- **Required work**: The span to repeat in the listing below runs from the line containing "MM6 Maison Margiela" to the line containing "monete di cioccolato", inclusive. Repeat it exactly, and only it.

····················

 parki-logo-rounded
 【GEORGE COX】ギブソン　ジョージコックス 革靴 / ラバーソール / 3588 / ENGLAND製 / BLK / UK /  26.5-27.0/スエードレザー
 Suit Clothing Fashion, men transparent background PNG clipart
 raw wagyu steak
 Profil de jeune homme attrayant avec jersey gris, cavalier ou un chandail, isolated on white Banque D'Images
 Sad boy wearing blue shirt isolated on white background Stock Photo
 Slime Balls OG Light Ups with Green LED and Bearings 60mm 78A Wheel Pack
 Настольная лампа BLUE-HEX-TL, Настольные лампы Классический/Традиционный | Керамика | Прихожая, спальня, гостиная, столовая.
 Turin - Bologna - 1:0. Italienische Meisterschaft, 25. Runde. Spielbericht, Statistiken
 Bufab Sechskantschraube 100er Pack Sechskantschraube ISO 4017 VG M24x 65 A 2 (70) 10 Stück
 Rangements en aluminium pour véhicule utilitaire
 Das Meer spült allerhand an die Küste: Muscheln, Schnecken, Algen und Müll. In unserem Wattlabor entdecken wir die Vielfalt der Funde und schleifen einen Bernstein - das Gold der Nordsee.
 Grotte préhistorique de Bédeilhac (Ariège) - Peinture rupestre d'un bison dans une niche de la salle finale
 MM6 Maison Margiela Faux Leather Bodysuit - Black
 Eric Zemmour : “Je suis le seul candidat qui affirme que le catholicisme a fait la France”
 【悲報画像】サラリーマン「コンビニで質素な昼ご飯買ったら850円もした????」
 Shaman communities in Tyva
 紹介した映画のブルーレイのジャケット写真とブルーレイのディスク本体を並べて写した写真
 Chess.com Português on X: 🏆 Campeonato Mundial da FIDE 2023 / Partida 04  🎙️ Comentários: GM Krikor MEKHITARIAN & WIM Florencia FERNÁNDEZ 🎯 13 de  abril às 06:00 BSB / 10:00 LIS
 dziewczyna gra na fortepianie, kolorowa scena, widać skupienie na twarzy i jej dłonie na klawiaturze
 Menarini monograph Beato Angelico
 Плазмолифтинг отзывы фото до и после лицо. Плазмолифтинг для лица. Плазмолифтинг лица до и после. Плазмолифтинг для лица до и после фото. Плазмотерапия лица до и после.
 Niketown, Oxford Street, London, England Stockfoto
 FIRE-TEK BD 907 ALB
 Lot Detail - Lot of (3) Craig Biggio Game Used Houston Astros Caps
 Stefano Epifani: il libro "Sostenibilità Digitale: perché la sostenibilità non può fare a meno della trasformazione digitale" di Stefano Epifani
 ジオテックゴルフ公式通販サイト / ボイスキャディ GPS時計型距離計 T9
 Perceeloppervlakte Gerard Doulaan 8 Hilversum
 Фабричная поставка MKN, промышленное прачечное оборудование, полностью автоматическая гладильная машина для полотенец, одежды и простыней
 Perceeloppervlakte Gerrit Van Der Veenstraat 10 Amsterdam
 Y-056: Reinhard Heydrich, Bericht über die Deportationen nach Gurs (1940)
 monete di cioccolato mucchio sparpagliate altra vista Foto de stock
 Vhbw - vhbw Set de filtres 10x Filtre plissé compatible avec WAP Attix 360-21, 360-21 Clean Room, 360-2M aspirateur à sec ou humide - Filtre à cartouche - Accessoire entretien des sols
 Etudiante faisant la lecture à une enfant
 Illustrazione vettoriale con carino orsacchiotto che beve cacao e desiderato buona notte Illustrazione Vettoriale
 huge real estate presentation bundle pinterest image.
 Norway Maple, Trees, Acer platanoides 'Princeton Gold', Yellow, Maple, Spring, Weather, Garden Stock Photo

····················

- **Answer space**:
 MM6 Maison Margiela Faux Leather Bodysuit - Black
 Eric Zemmour : “Je suis le seul candidat qui affirme que le catholicisme a fait la France”
 【悲報画像】サラリーマン「コンビニで質素な昼ご飯買ったら850円もした????」
 Shaman communities in Tyva
 紹介した映画のブルーレイのジャケット写真とブルーレイのディスク本体を並べて写した写真
 Chess.com Português on X: 🏆 Campeonato Mundial da FIDE 2023 / Partida 04  🎙️ Comentários: GM Krikor MEKHITARIAN & WIM Florencia FERNÁNDEZ 🎯 13 de  abril às 06:00 BSB / 10:00 LIS
 dziewczyna gra na fortepianie, kolorowa scena, widać skupienie na twarzy i jej dłonie na klawiaturze
 Menarini monograph Beato Angelico
 Плазмолифтинг отзывы фото до и после лицо. Плазмолифтинг для лица. Плазмолифтинг лица до и после. Плазмолифтинг для лица до и после фото. Плазмотерапия лица до и после.
 Niketown, Oxford Street, London, England Stockfoto
 FIRE-TEK BD 907 ALB
 Lot Detail - Lot of (3) Craig Biggio Game Used Houston Astros Caps
 Stefano Epifani: il libro "Sostenibilità Digitale: perché la sostenibilità non può fare a meno della trasformazione digitale" di Stefano Epifani
 ジオテックゴルフ公式通販サイト / ボイスキャディ GPS時計型距離計 T9
 Perceeloppervlakte Gerard Doulaan 8 Hilversum
 Фабричная поставка MKN, промышленное прачечное оборудование, полностью автоматическая гладильная машина для полотенец, одежды и простыней
 Perceeloppervlakte Gerrit Van Der Veenstraat 10 Amsterdam
 Y-056: Reinhard Heydrich, Bericht über die Deportationen nach Gurs (1940)
 monete di cioccolato mucchio sparpagliate altra vista Foto de stock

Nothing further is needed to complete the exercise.